#### The data ####

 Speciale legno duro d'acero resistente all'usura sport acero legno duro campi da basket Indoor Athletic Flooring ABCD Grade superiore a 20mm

####
#### The data ####

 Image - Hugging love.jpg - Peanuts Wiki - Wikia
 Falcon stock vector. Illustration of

####

#### [Try it]
Copy back the listing above exactly, but only from the line with "Image - Hugging" through the line with "Falcon stock vector. Illustration of", both ends included.

#### [Answer space]
 Image - Hugging love.jpg - Peanuts Wiki - Wikia
 Falcon stock vector. Illustration of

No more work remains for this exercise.